**EXERCISE GOAL**
An identical copy of the records below is the expected result.

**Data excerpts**

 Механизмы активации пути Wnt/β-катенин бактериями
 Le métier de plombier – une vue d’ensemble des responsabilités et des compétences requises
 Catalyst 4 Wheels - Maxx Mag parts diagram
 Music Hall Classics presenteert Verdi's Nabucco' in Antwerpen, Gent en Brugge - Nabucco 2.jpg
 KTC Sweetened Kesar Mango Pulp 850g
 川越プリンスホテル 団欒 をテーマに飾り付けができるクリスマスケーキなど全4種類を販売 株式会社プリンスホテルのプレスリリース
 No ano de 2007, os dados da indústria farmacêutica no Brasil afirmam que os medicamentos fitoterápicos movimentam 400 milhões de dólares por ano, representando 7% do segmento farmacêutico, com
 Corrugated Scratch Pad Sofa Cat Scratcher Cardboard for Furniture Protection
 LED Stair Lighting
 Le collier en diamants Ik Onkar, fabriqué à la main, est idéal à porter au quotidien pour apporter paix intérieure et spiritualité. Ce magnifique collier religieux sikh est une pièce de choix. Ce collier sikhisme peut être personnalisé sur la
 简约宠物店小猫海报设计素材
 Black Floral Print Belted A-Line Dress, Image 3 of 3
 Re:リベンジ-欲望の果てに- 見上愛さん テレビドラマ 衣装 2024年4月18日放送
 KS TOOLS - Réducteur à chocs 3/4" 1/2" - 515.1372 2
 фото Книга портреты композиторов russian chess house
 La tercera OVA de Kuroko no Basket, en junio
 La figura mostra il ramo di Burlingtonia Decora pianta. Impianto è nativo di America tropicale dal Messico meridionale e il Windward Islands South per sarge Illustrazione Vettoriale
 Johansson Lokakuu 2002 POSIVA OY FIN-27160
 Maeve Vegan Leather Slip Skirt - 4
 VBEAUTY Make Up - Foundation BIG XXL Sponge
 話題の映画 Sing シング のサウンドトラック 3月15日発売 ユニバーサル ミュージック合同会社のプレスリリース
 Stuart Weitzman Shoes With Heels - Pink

**TASK SOLUTION**
 Механизмы активации пути Wnt/β-катенин бактериями
 Le métier de plombier – une vue d’ensemble des responsabilités et des compétences requises
 Catalyst 4 Wheels - Maxx Mag parts diagram
 Music Hall Classics presenteert Verdi's Nabucco' in Antwerpen, Gent en Brugge - Nabucco 2.jpg
 KTC Sweetened Kesar Mango Pulp 850g
 川越プリンスホテル 団欒 をテーマに飾り付けができるクリスマスケーキなど全4種類を販売 株式会社プリンスホテルのプレスリリース
 No ano de 2007, os dados da indústria farmacêutica no Brasil afirmam que os medicamentos fitoterápicos movimentam 400 milhões de dólares por ano, representando 7% do segmento farmacêutico, com
 Corrugated Scratch Pad Sofa Cat Scratcher Cardboard for Furniture Protection
 LED Stair Lighting
 Le collier en diamants Ik Onkar, fabriqué à la main, est idéal à porter au quotidien pour apporter paix intérieure et spiritualité. Ce magnifique collier religieux sikh est une pièce de choix. Ce collier sikhisme peut être personnalisé sur la
 简约宠物店小猫海报设计素材
 Black Floral Print Belted A-Line Dress, Image 3 of 3
 Re:リベンジ-欲望の果てに- 見上愛さん テレビドラマ 衣装 2024年4月18日放送
 KS TOOLS - Réducteur à chocs 3/4" 1/2" - 515.1372 2
 фото Книга портреты композиторов russian chess house
 La tercera OVA de Kuroko no Basket, en junio
 La figura mostra il ramo di Burlingtonia Decora pianta. Impianto è nativo di America tropicale dal Messico meridionale e il Windward Islands South per sarge Illustrazione Vettoriale
 Johansson Lokakuu 2002 POSIVA OY FIN-27160
 Maeve Vegan Leather Slip Skirt - 4
 VBEAUTY Make Up - Foundation BIG XXL Sponge
 話題の映画 Sing シング のサウンドトラック 3月15日発売 ユニバーサル ミュージック合同会社のプレスリリース
 Stuart Weitzman Shoes With Heels - Pink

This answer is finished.